Coco does Komati

Bridget Hilton-Barber

Coco the Weimaraner dog took a liking to us and decided to hang out at our chalet for the duration of our visit to Komati Gorge Lodge

It’s a beautiful spot in Mpumalanga’s grasslands and wetlands region, near the bizarre little town of Carolina. Comprising a “village” of thatched chalets on the banks of the Komati River, the lodge overlooks a canyon and green grasslands.

Coco is one of the resident dogs at the lodge, which is also a pet-friendly place as it turned out. This wasn’t the reason we were visiting, but plainly was for the people at chalet No 4 who took their mini Daschund breakfasting, walking, quad biking, lunching, napping, fishing, hiking, horse riding, rambling, swimming and braaiing.

We were too hot and tired, to do much on our first afternoon except hang on our balcony, watching the Daschund and its owners expending enough energy to power the national grid. I must say, I’ve never really thought much about the pet-friendly thing, but I guess it’s quite sweet if it’s for decent suburbanites who can’t leave home without their Daschunds, rather than Lowveld cowboys  who want to go drinking with their pet eland for instance.

Komati Lodge. Picture: Bridget Hilton-Barber
Komati Gorge Lodge. Picture: Bridget Hilton-Barber

And pet or no pet, the views at Komati Gorge are amazing. From our chalet we looked onto a sweep of green lawn, a trout dam, a frisky stretch of the Komati River and a shoulder of canyon in the distance, set about with fat painterly clouds. Such views call for a whisky. Which then called for adventure. So we went for a sunset ramble alongside the Komati River, admiring the resident horses and gorgeous surroundings as we rambled. We lay alongside one of the trout dams for a while, watching upside down canyons and the trout beginning their sunset frolic.  As the orange skies darkened, Coco led us gently back to our chalet for more whisky and fresh horses for our men as they say.

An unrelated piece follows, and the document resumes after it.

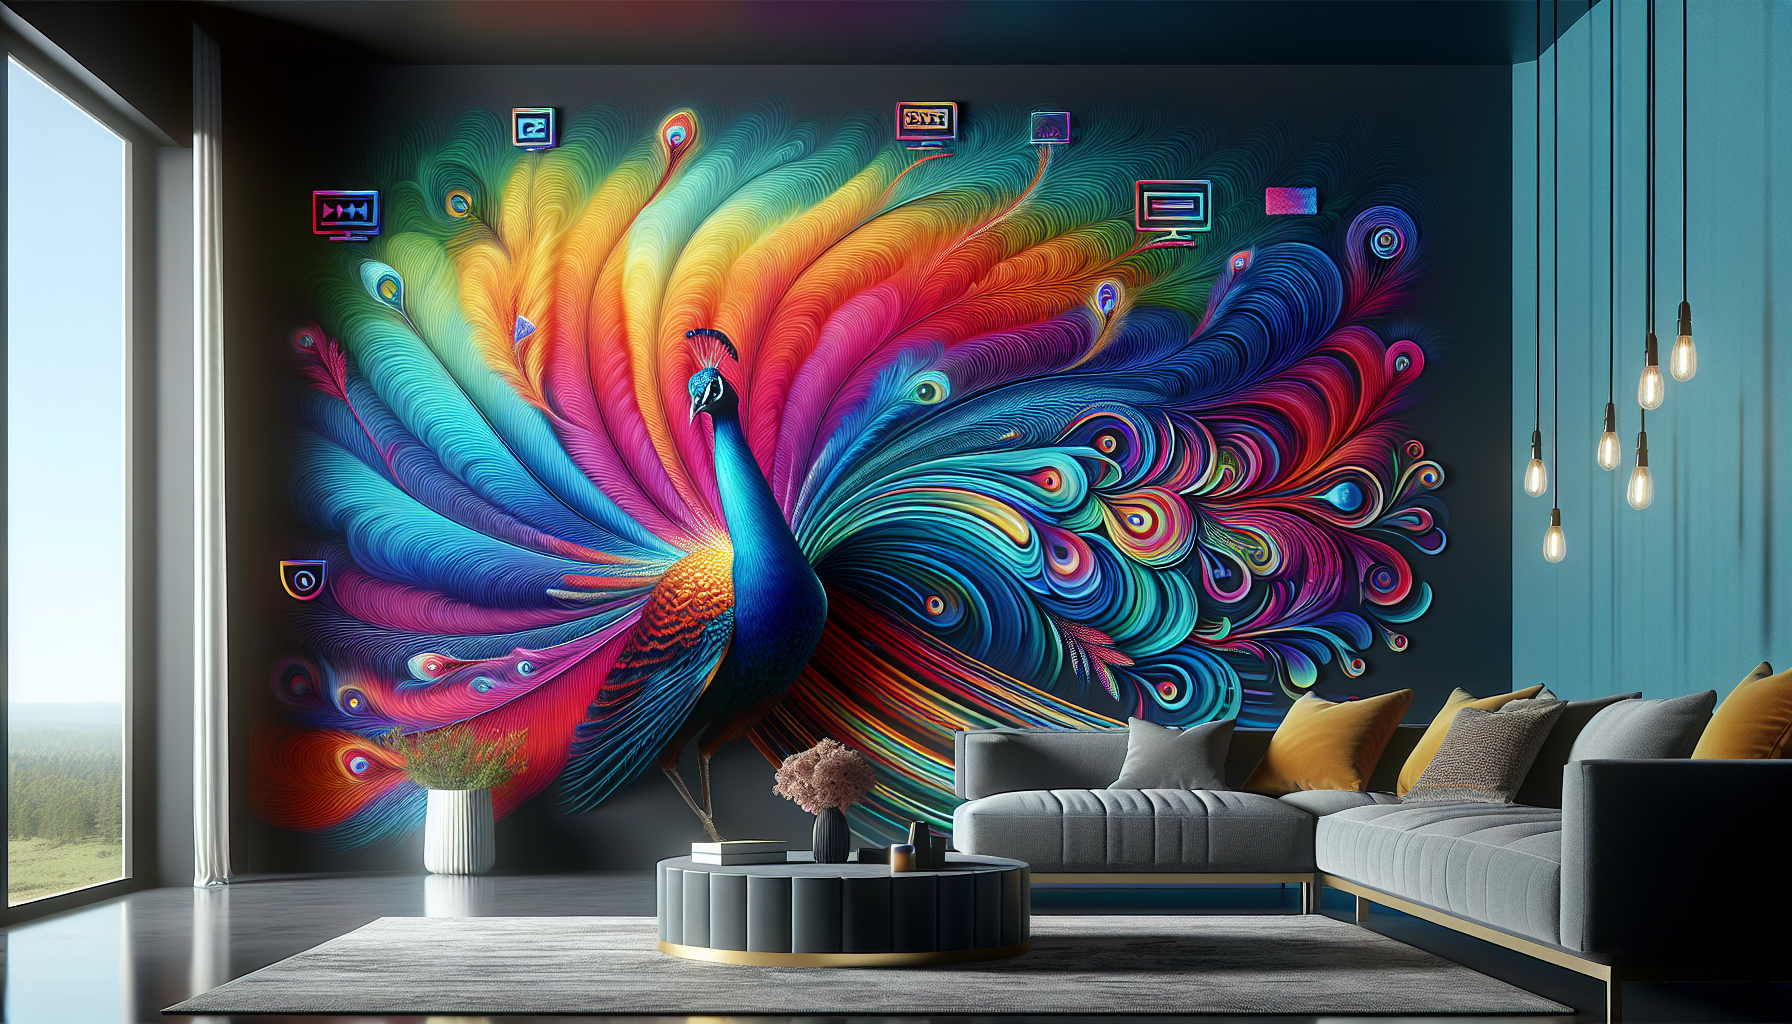 Digital artwork of a vibrant peacock whose feathers transition into various streaming interface screens, including Netflix, Peacock, and Apple TV, symbolizing the integration of these services, set ag

The chalets are simple and comfortable, with pleasant décor, a generous bathroom and fireplace in the main bedroom lounge area. Mmmm. I can well imagine cosy winter evenings here. We chose to do our own cooking, but there is a restaurant, as well as a generous bar and outside entertainment area along the river. Komati Gorge is a chilled spot. There’s no cell phone reception, and the place is big enough to feel wild and free and small enough to feel safe. After dinner we sat outside listening to the night noises, while Coco found herself an elegant scatter cushion on which to spend the night.

Our chalet at Komati Gorge Lodge. Picture: Bridget Hilton-Barber

The dawn broke crisp and clear and we headed out for an early walk into the mountains. The Komati lodge people had asked us not walk with their dogs, but it’s hard to restrain an enthusiastic unleashed Weimaraner, so we eventually we gave in and pretended not to notice when she tried to dig up entire koppies and chase kudus. There are really great hikes in and around Komati Gorge, this being canyon country with kloofs and cliffs, dizzying views and shady forested patches. The birding is good, and the botanizing; and of course trout fishing, which is what most visitors do. You can also go swimming, quad biking and horse riding or just sit down and wait for the feeling to pass. It’s a lovely spot whatever your pace.